Summary of DeepStack: Expert-Level AI in Heads-Up No-Limit Poker

Below is an excerpt of some of the research I have been doing for a Udacity Course I am taking on AI. It’s been a lot of fun digging into the merging of logic and machine learning. I’ll likely post a bit more details and perhaps a review once complete. But for now, here is a summary of some pretty cool research coming out of the University of Alberta.

Imperfect information games provide a significant challenge as compared to deterministic games. Since limited information is available to the agent, the agent must calculate a statistical best choice(s). Formally the statistical best response is accomplished by approximating the Nash equilibrium given the private information held by the opponent. DeepStack builds upon the traditional technique known as counterfactual regret minimization, which is a recursive algorithm which pre-computes the probability distributions. The issue with this method is that the computational requirements for Heads-Up No-Limit Poker (HUNL) approaches 10160 therefore approximates to game states would have to be made. A goal of DeepStack was to eliminate as much contextual information loss as possible.

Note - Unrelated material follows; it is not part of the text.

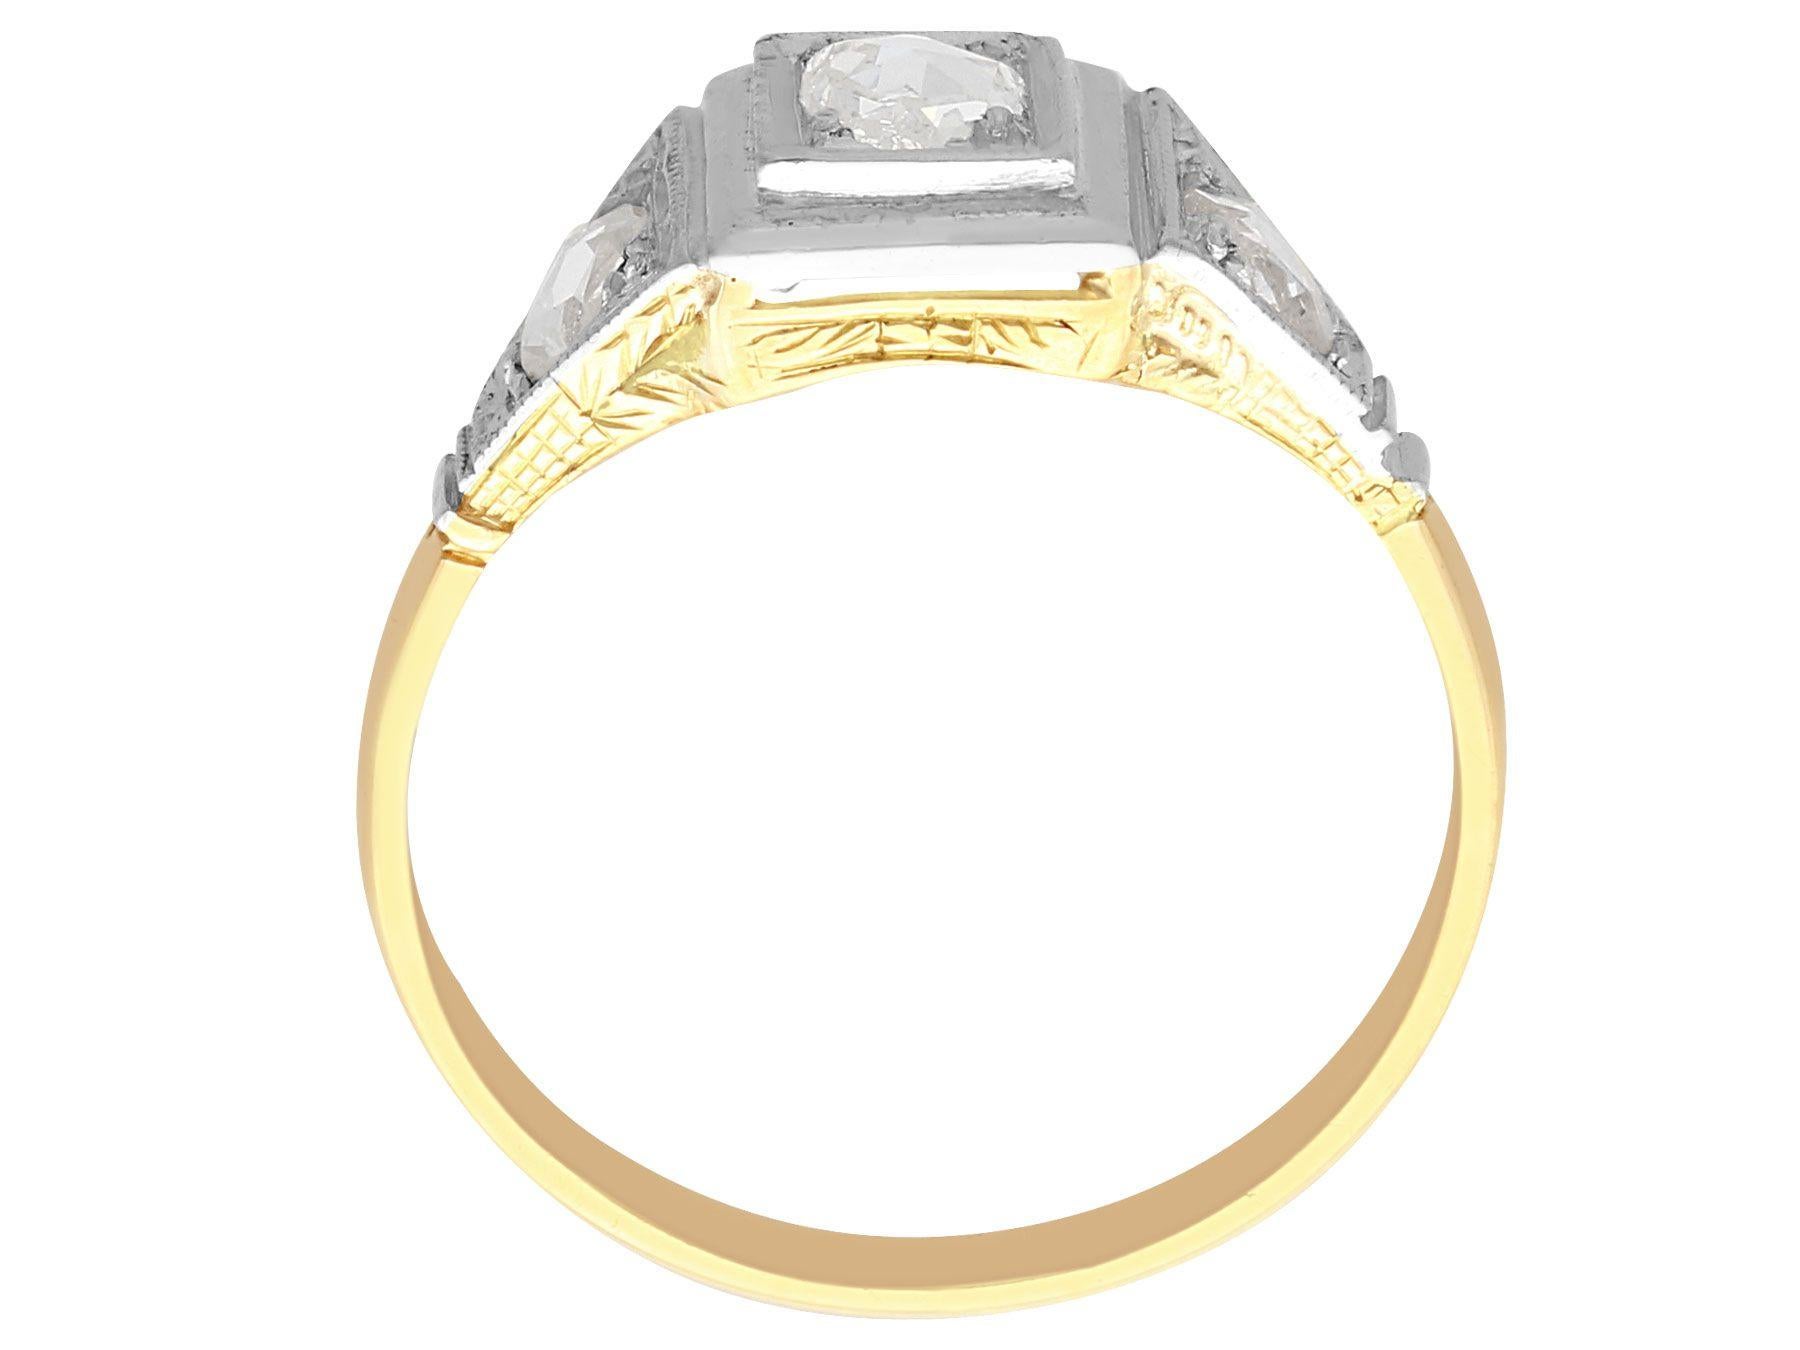 Women's 1910s Antique Diamond and Yellow Gold Cocktail Ring

When player a two-player zero sum game such as HUNLor goal is to maximize the expected utility against a best response strategy. Deep Stack calculates this through 3 elements. The first generates a representative picture of all currently available public information. Public information in the case would be the agents two cards in hand, the pot, and any visible cards dealt to the table. The second component is a depth limited search technique which uses a trained neural network to quickly evaluate values below a certain depth. By using the flexibility of neural networks to generate values, the depth needed to search can be greatly limited. Limited set of look-ahead branches. By limiting to a known set of optimal actions, the recursive traversal computational cost can be reduced.

The internal representation of all public information is regenerated each action by a process the authors call “Continual re-solving”. This is done with two values, obviously, the first required values are the public state. Secondly, a vector of counterfactual values of valid “what if’s” relevant to the opponent. The counterfactual values start with a default starting state for the first round. Afterwards the vector is updated by output of the recalculation.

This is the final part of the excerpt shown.